Constaba la nave rectangular de 40 metros cuadrados, de una planta, con bóveda de
cañón igualmente lisa. Un crucifijo tallado en madera colocado en la pared frontal junto
con una hermosa piedra caliza tallada a modo de altar, era toda ornamentación que
dentro había. En la pared izquierda de la nave, abríase un acceso a la pequeña torre
de guardia, de sección cuadrangular y once metros de altura, desde la que se divisaba
todo el valle que desde ahí nacía, en mayoría poblado de árboles sin otro signo de
civilización a la vista, que unas tenues columnas de humo que se alzaban en lontananza.
Cien metros al norte de la capilla, se hallaba la encomienda propiamente dicha,
en forma de caserón rectangular de dos plantas, siendo la primera de piedra y el resto
de ladrillos de adoba culminando en un tejado de madera cubierto de tejas de arcilla.

La planta baja estaba dividida en tres partes principales. Al sur un gran comedor
común seguido de la cocina, en el centro un pequeño taller que hacia la vez de almacén
y armería, y al norte los establos. La segunda planta constaba de dos partes. La mitad
norte se utilizaba como granero y pajar, y la mitad sur albergaba las celdas y los
camastros. Todo dentro de la sencillez, denotaba cuidado y pulcritud, siendo para los
hermanos su hogar, su último hogar.
– Hermano Mayor…
– Hermano Gondemaro, ansioso estaba por verte. Entra y ora conmigo. Demos
gracias a Dios por habernos preservado para este momento.
Y así juntos, arrodillados, oraron en silencio al amparo de su Dios, el Dios del bien,
el que predicó el amor y la fraternidad y ante el cual, todos somos iguales.
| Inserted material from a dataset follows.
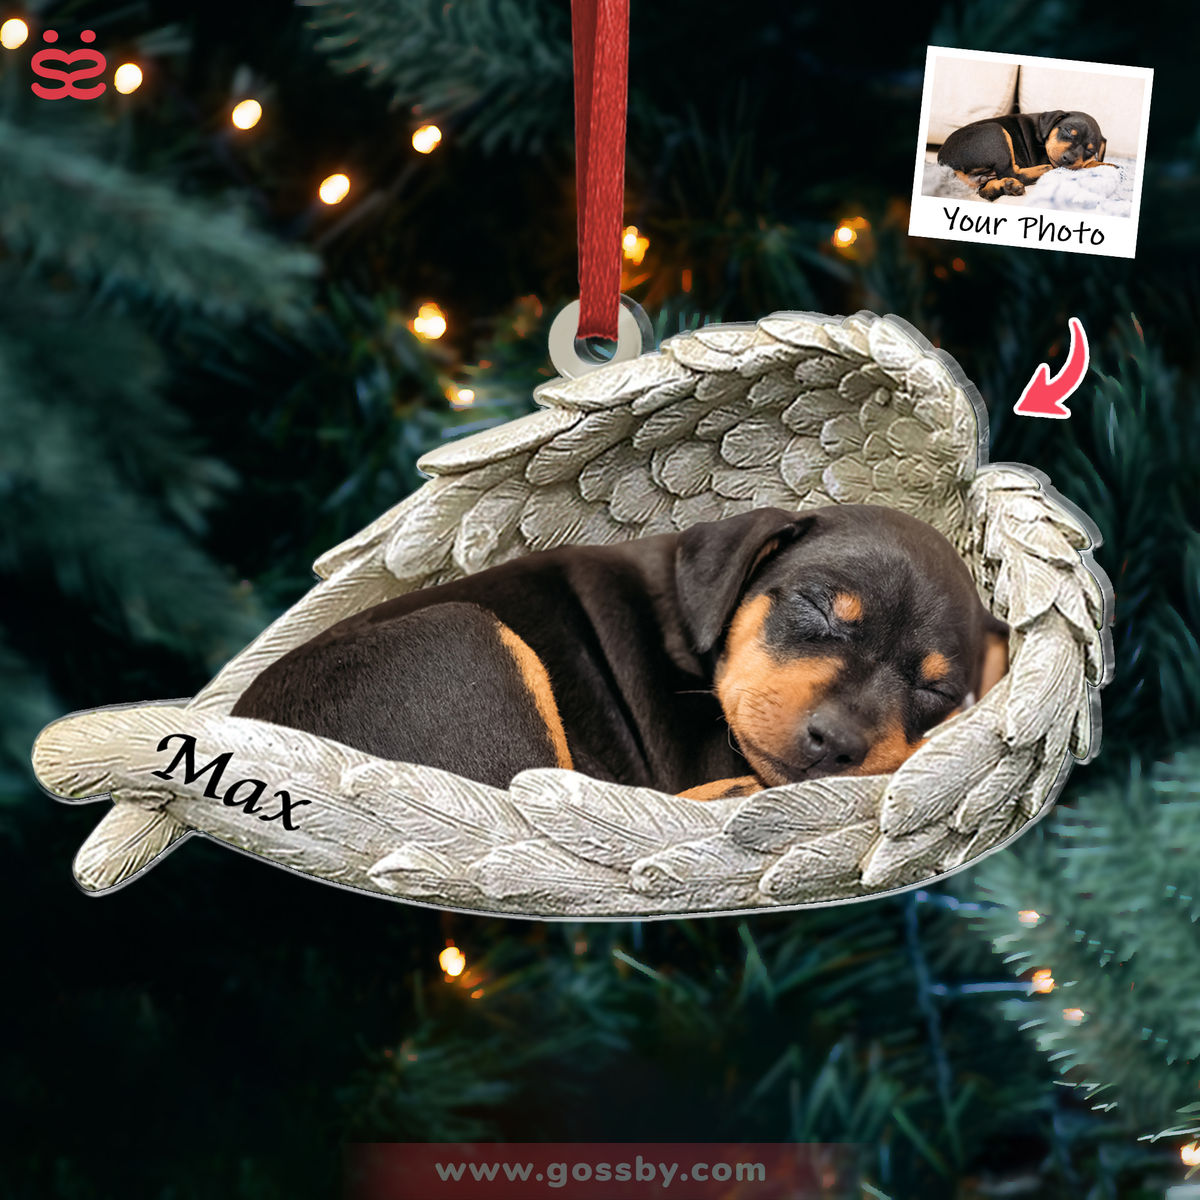 Dog Acrylic Ornament - Dog Lovers - Sleeping Pet Within Angel Wings - Customized Your Photo Ornament, Custom Photo Gifts, Christmas Gifts_1

– Ven hermano, acompáñame. Llega la hora de reunirnos en esta, nuestra ultima
comida de hermandad.
Juntos en silencio atravesaron el patio que los separaba de la encomienda penetrando
en ella por la puerta del comedor común. En el se hallaban otros siete caballeros, todos
ellos vestidos de la misma manera, con sayo de tela arpillera de color marrón sobre el
cual ante las inclemencias del tiempo, colocábanse pellizas de cabra o borrega.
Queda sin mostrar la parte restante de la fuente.